Graphically, we can represent it as follows:
flowchart LR
john[John]
and1[and]
ali[Ali]
and2[and]
chang[Chang]
friend1(friend)
friends1(friends)
friend2(friend)
friends2(friends)
friend3(friend)
friends3((friends))
john-->and1
and1-->ali
ali-->and2
and2-->chang
john-.-> friend1
friend1-.-> friends1
ali-.->friend2
friends1-.->friends2
and1-.->friends2
friend2-.->friends2
chang-.->friend3
friends2-.->friends3
and2-.->friends3
friend3-.->friends3
In this diagram, solid arrows indicate the flow in the text to be processed, "John and Ali and Chang". Dotted arrows indicate the recognition of a token (think of these arrows as "reversed expansion").
Exercises¶
The following is generated by ChatGPT.
1. What is a syntactic rule in BNF?
A syntactic rule in BNF defines how a particular token (non-terminal) can be expanded into other tokens or terminals. It consists of a token being defined and its possible expansions, separated by "::=" or "|".2. How is repetition expressed in BNF?
Repetition in BNF is expressed by recursive definitions. For example, in the rule:*statement-seq* ::= *statement* | *statement-seq statement*The second alternative allows *statement-seq* to repeat by including itself in the expansion.
3. What does "opt" mean in a BNF description?

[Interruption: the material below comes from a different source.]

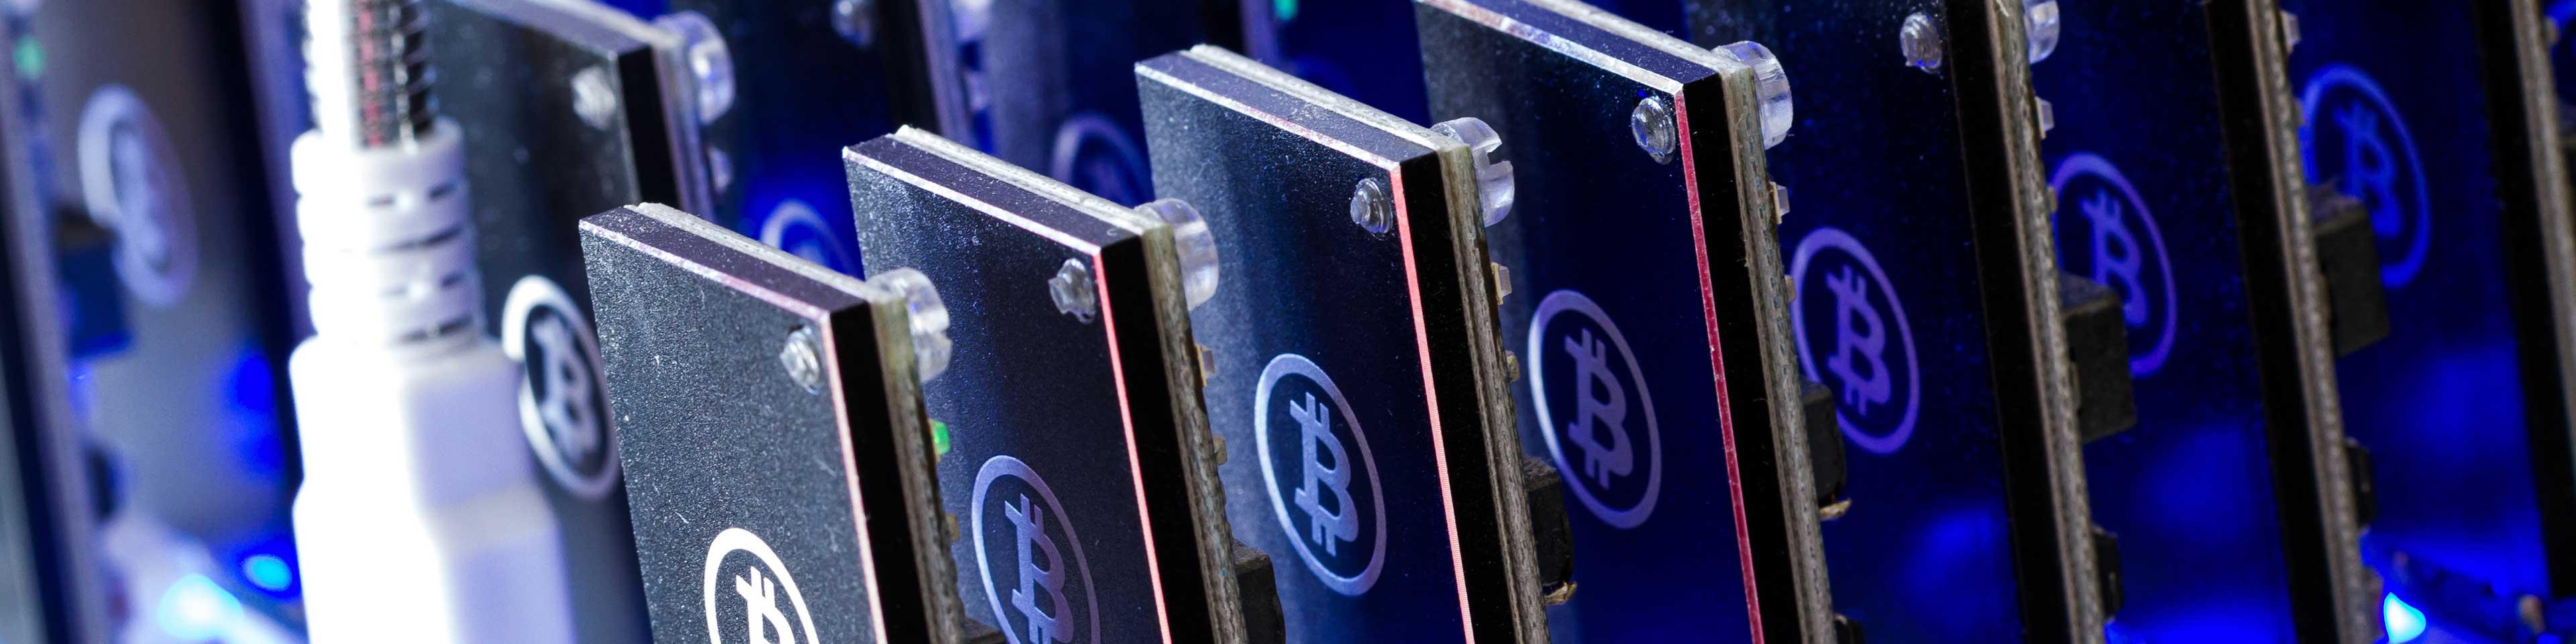 Key details of new infrastructure bill text regarding cryptocurrencies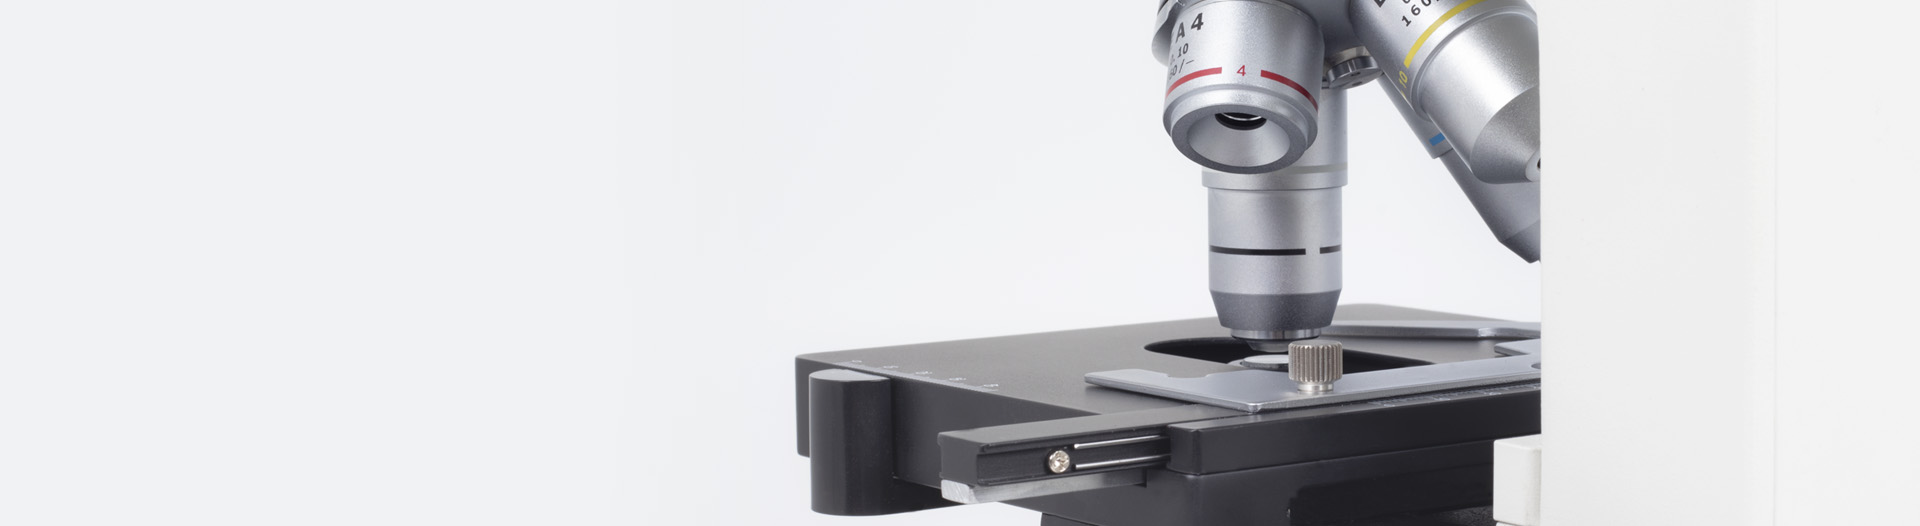 ECOLINE microscope Mechanics

"Opt" signifies that the token it is attached to is optional, meaning it may appear zero or one time in the syntactic structure.4. In the provided "friends" example, how is the sentence "Ali and Chang" parsed?
1. "Ali" matches *`friend`* using R1. 2. R4 recognizes *`friends`*. 3. "and" triggers R5, requiring another *`friend`* token. 4. "Chang" matches *`friend`* using R3. 5. R5 completes, forming a *`friends`* token for "Ali and Chang."5. What is the difference between a terminal and a non-terminal in BNF?
A **terminal** is a literal string that appears in the final output (e.g., **"while"**, **"and"**). A **non-terminal** (or token) is a placeholder that can be expanded into other non-terminals or terminals.6. Using the BNF rule *digit* ::= "0" | "1" | "2" | ... | "9", how can you express a non-negative integer?
A non-negative integer can be expressed as:
*integer* ::= *digit* | *integer digit*This allows one or more digits to form a number like "123".
7. How is ambiguity avoided in BNF?
Ambiguity is avoided by clearly specifying alternative expansions for tokens and ensuring that rules do not lead to multiple valid parses for the same input.8. What is the purpose of using hyperlinked BNF descriptions?
Hyperlinked BNF descriptions make it easier to navigate and understand complex syntax rules by allowing users to click on tokens and immediately view their definitions or expansions.9. Why is BNF considered a "meta-syntax" language?
BNF is called a meta-syntax language because it describes the syntax of programming languages, which themselves define how code should be written. It operates at a level above the syntax of the programming language being specified.10. In mathematical terms, how would you describe the recursive rule for *friends*?
The recursive rule can be described as:
friends = friend friends = friends + " and " + friendThis is similar to defining a sequence recursively, where the base case is a single friend, and the recursive case adds "and friend" to the existing sequence.